大家你一言我一语,才忽然发觉,这位默默无闻的老人,用一盏灯、一门手艺,温暖了整条老街多年。
等到陈伯出院回家,巷口出现了暖心的一幕。街坊们自发凑钱,在巷口安装了一盏明亮的路灯,整夜常亮。不止如此,有人给老人送来了厚实的棉大衣,有人拿来全新的工具箱,孩子们还亲手画了暖心的贺卡,送到陈伯手中。
冬日的阳光温柔洒落,重新出摊的陈伯,坐在明亮的路灯下,看着来来往往的路人,眉眼间满是温柔。

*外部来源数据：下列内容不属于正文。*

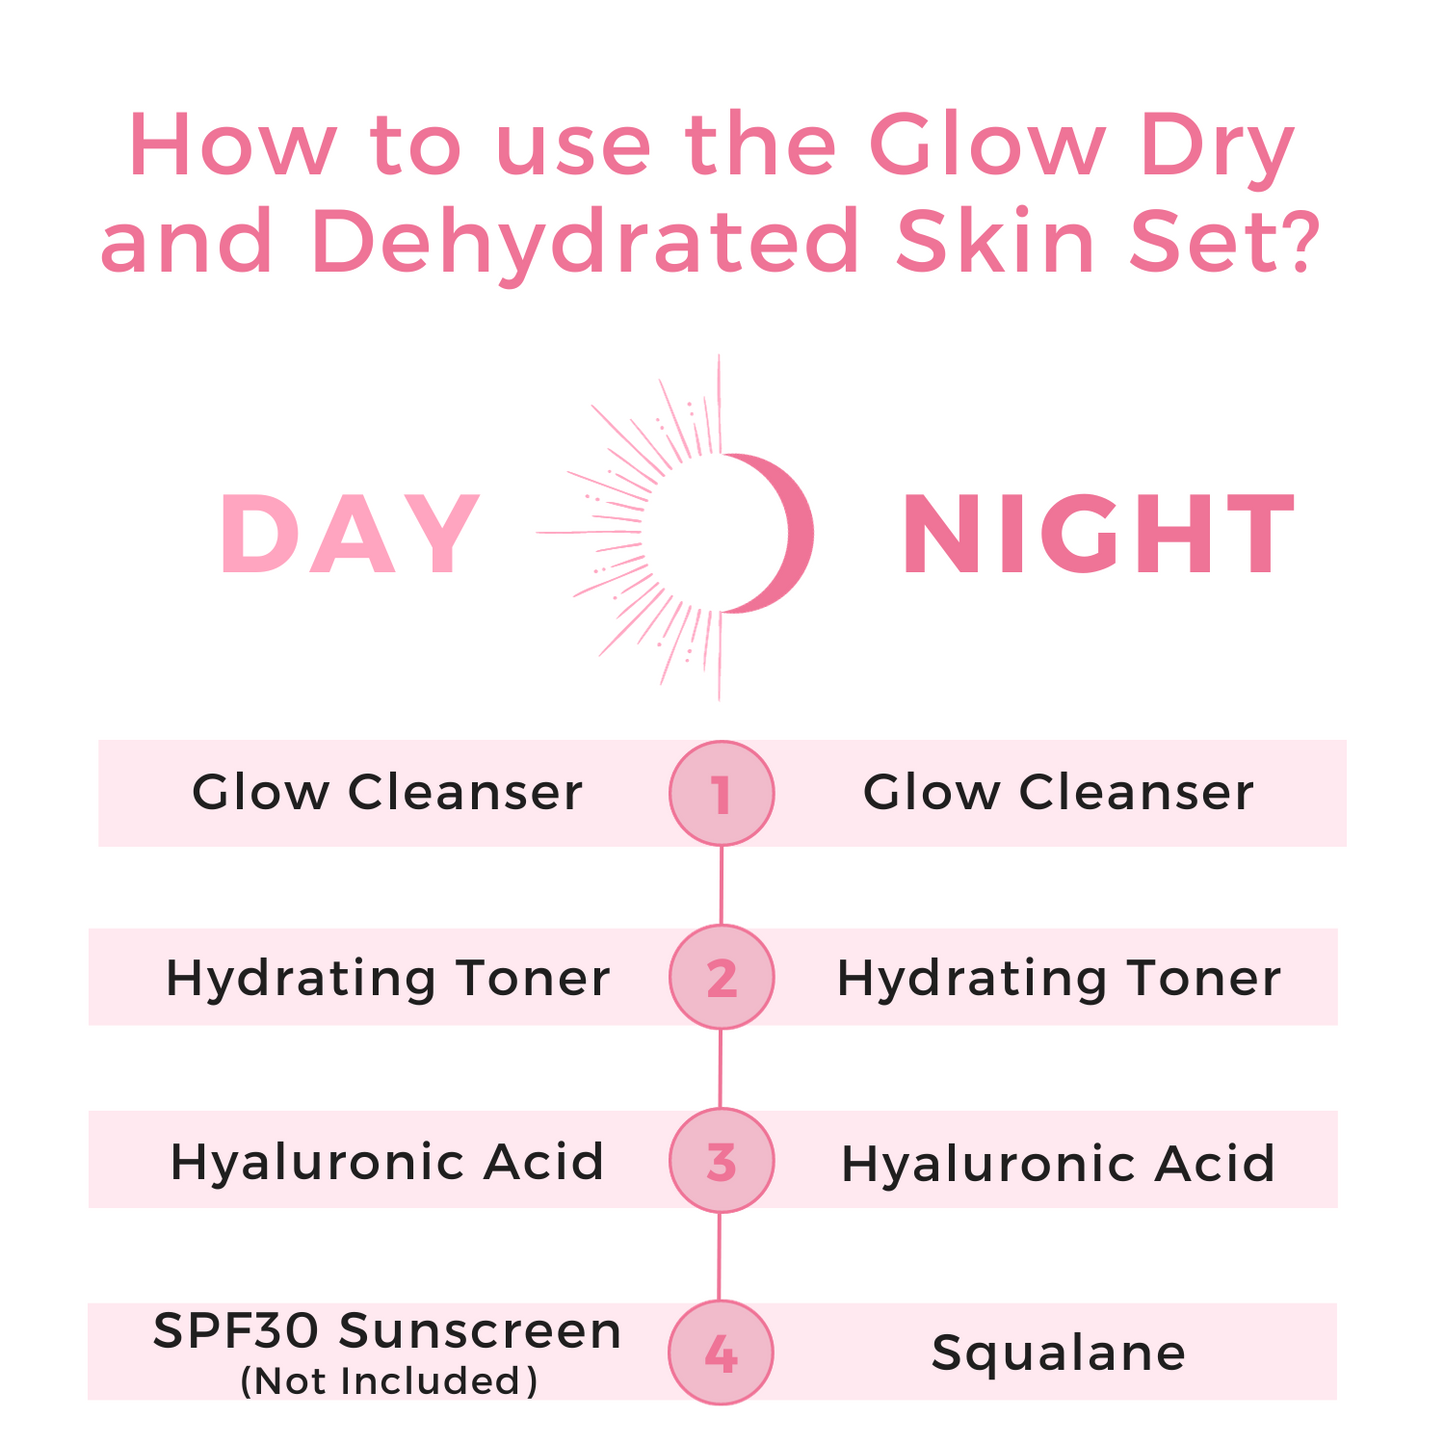 Glow | Dry and Dehydrated Skin 4 Set
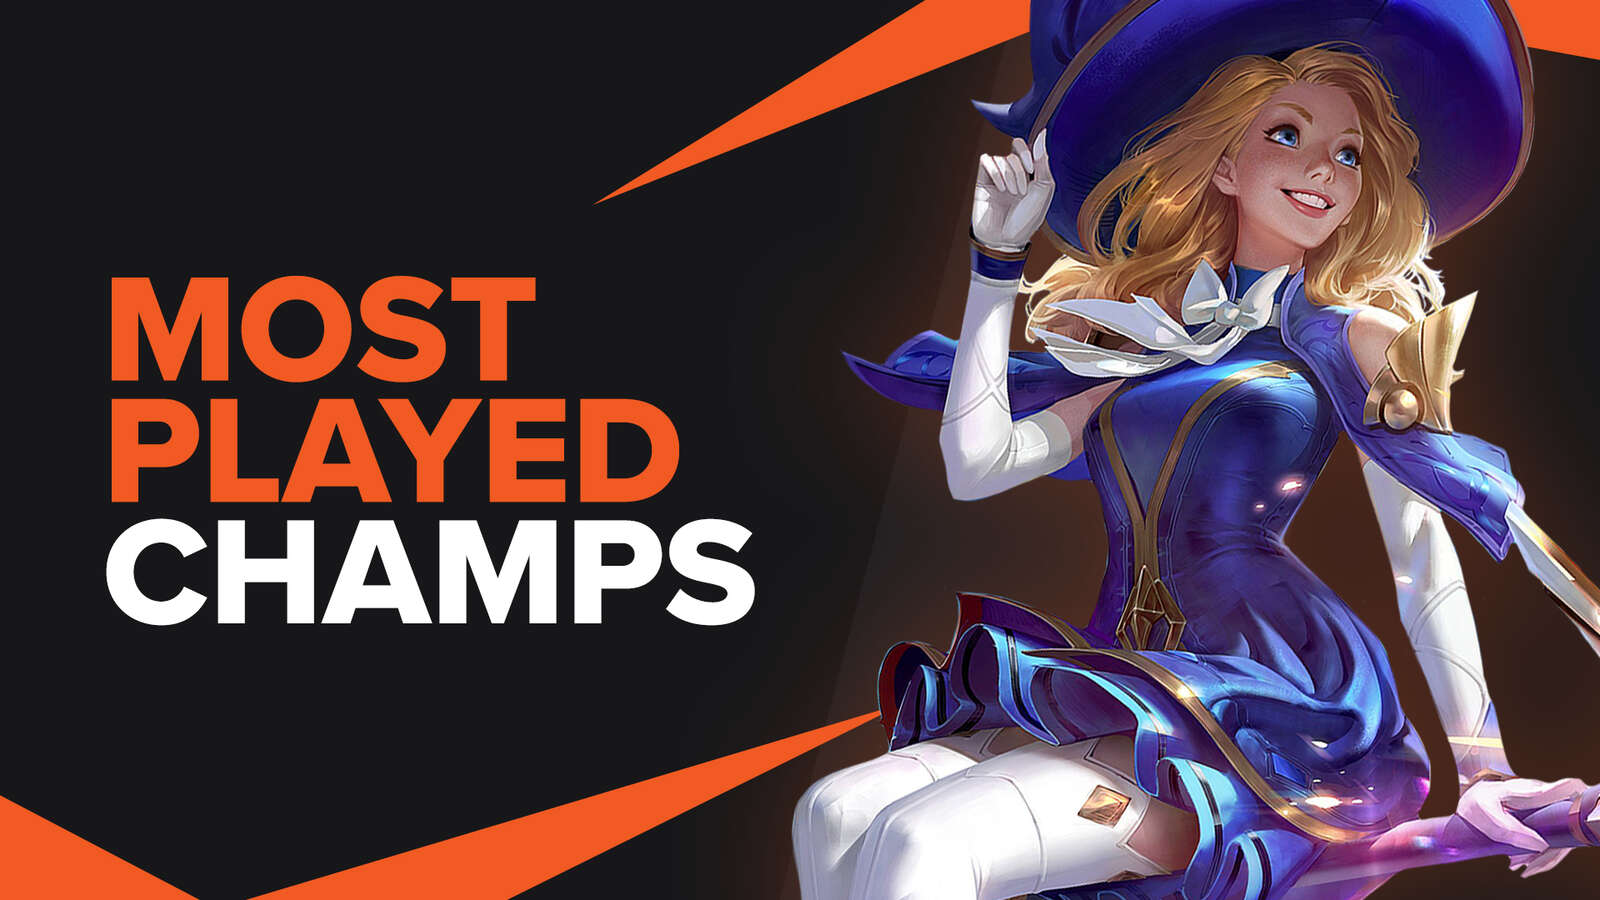 Most Played Champions in League of Legends

他依旧守着小小的修鞋摊,价格公道,待人热忱,只是从此再也不用独自点灯守夜。
原本漆黑清冷的老巷,因为一盏传承的灯火,永远暖意融融。
世间最动人的温暖,从来都不是轰轰烈烈的壮举,而是普通人藏在岁月里的善良。一点微光,默默坚守,照亮别人的路,终有一天,也会被世间温柔相拥。